### Data section

****************

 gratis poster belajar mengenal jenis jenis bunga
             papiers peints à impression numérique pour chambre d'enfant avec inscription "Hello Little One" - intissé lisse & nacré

****************

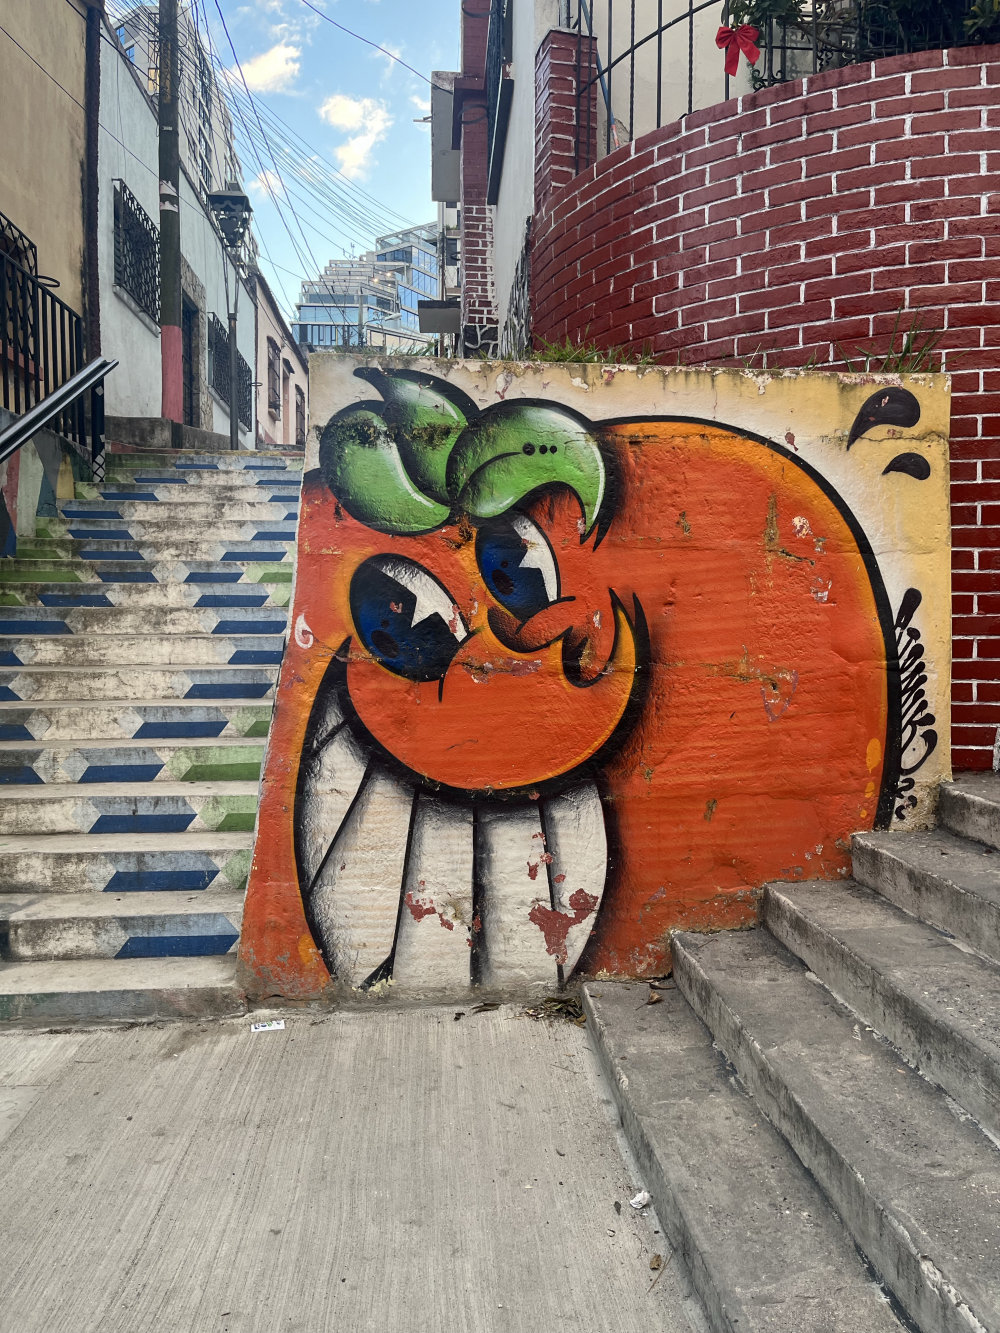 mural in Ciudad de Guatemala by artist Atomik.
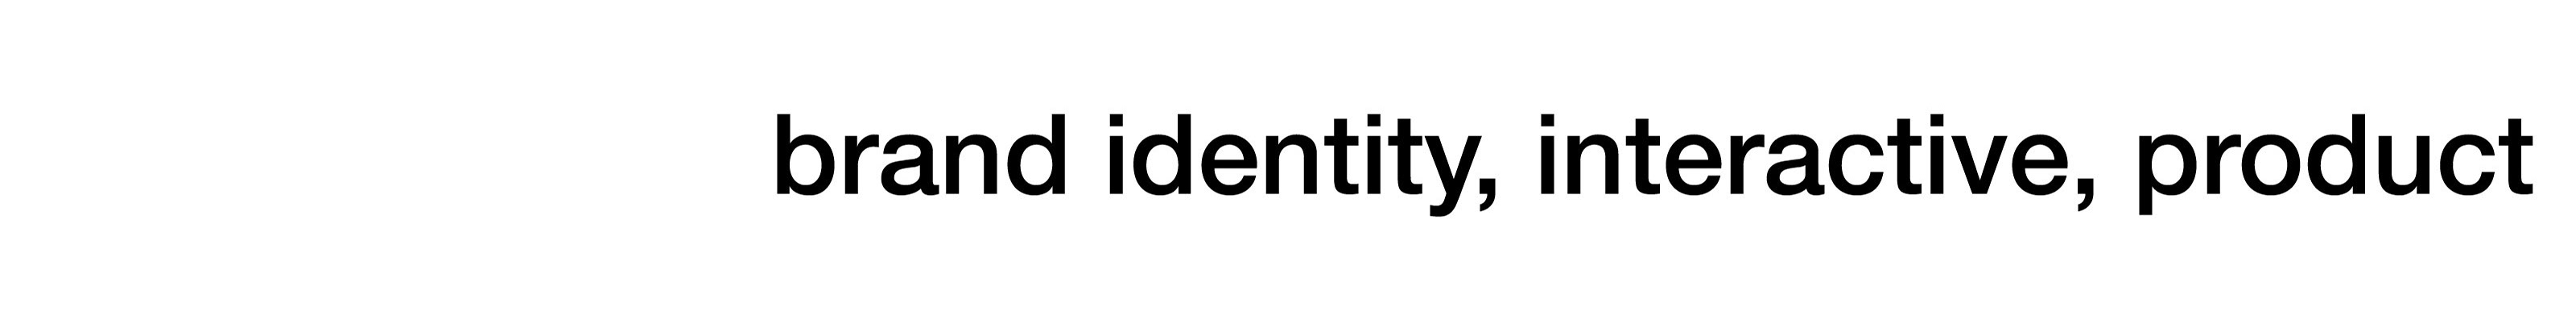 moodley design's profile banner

****************

### How to complete this task
Using the entries above, give back exactly the line containing "gratis poster belajar", the line containing "papiers peints à", and every line between them, and nothing else.

### Answer to this exercise
 gratis poster belajar mengenal jenis jenis bunga
             papiers peints à impression numérique pour chambre d'enfant avec inscription "Hello Little One" - intissé lisse & nacré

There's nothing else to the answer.